Equi-marginal utility:
According to the law of Equi-Marginal Utility, a consumer maximizes his total utility with his limited income
when marginal utility of the last rupee spent on each commodity is equal.
Assumptions of Law of Equi-Marginal Utility:
(i) The consumer behaves rationally and seeks to maximize his total satisfaction
(ii) Utility is measurable in cardinal terms/quantitative terms
(iii) The consumer has a given scale of preference for the goods in consideration
(iv) The consumer has perfect knowledge of utility derived from goods
(v) Wants and goods are substitutable
(vi) Prices of goods remain unchanged
(vii) Consumer income is fixed
(viii) The marginal utility of money is constant
Limitations of the Law of Equi-Marginal Utility:
Consumer expenditure may not conform to the law due to the following limitations:
(i) Consumers do not make conscious calculations

The operation of the law involves calculations and comparison of the expected satisfaction from an amount
of money spent on alternative goods and services. However, consumer expenditure is also based on habit
rather than conscious calculation and comparison of utility per unit of currency.
(ii) Consumer ignorance

Consumers may be unaware of other available alternatives.

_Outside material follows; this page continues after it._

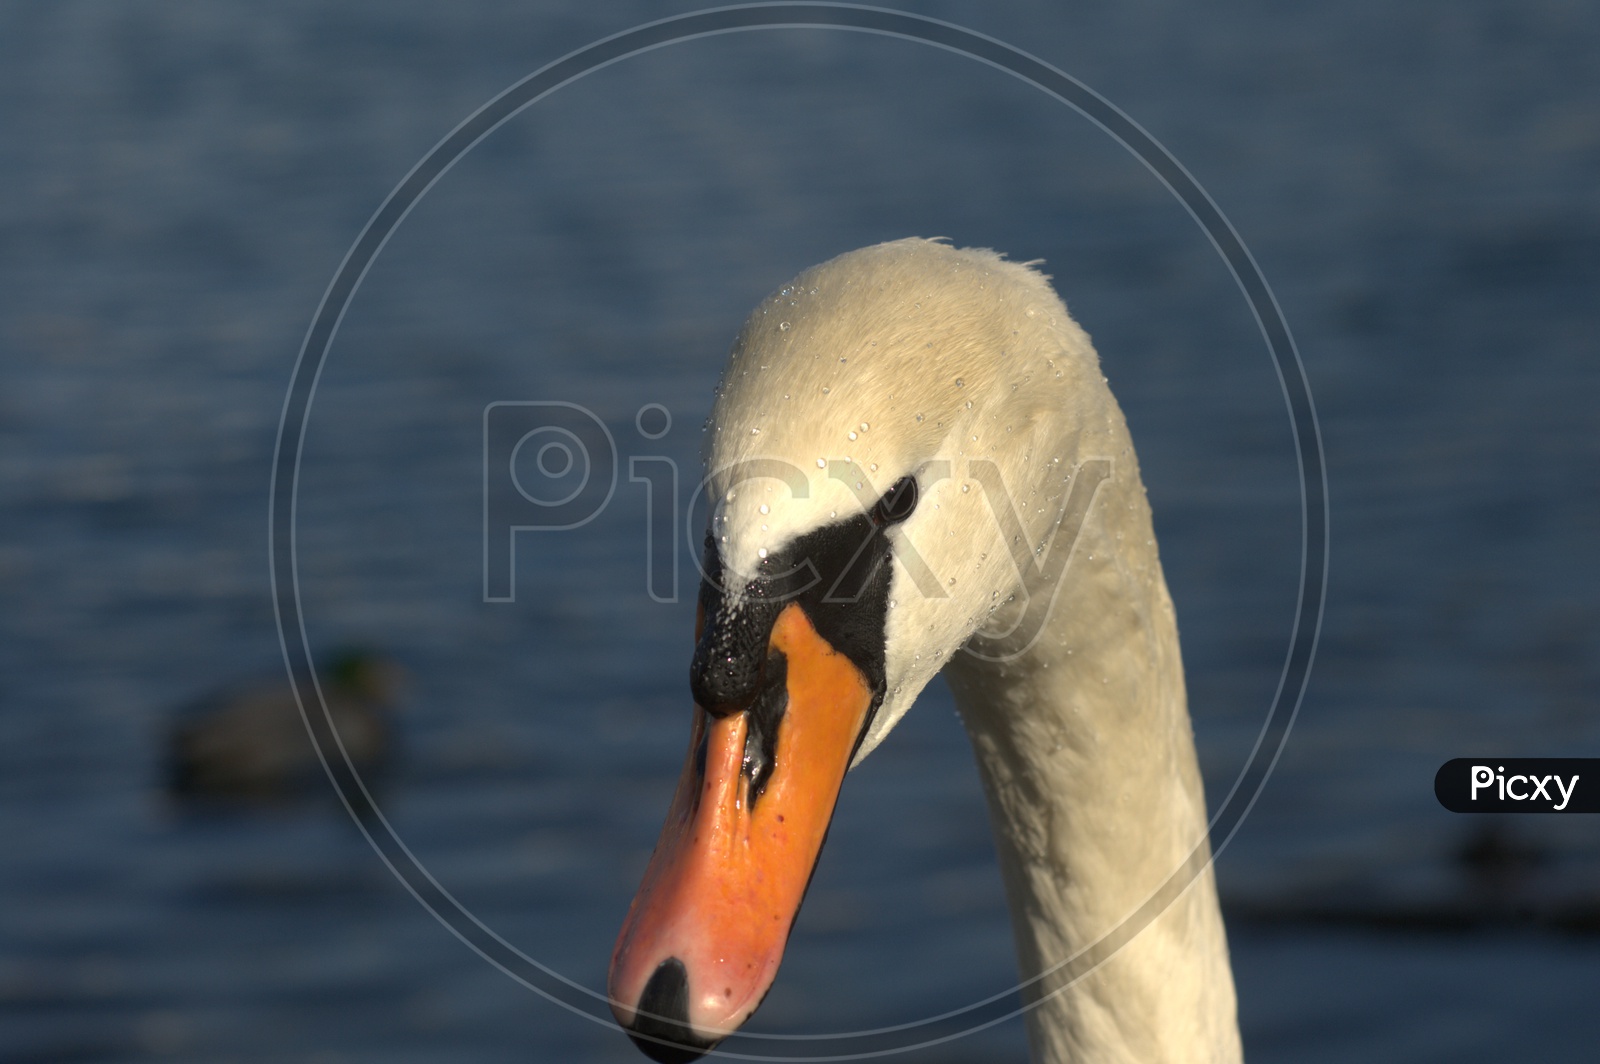 A Tundra Swan's beak

In this case no substitution could take place
and the law would not operate.
(iii) Custom and fashion

Some purchases are made based on custom or fashion rather than on the basis of a rational appraisal of
utility. This would distort the operation of the law.
(iv) Indivisibility of goods

The operation of the law assumes that goods and services are divisible so that the optimum point might be
reached. However, this may not be the case in practice. This prevents the marginal utilities from becoming
equalised.
(v) Underlying assumptions

The operation of the law rests on a series of assumptions which might not hold in practice.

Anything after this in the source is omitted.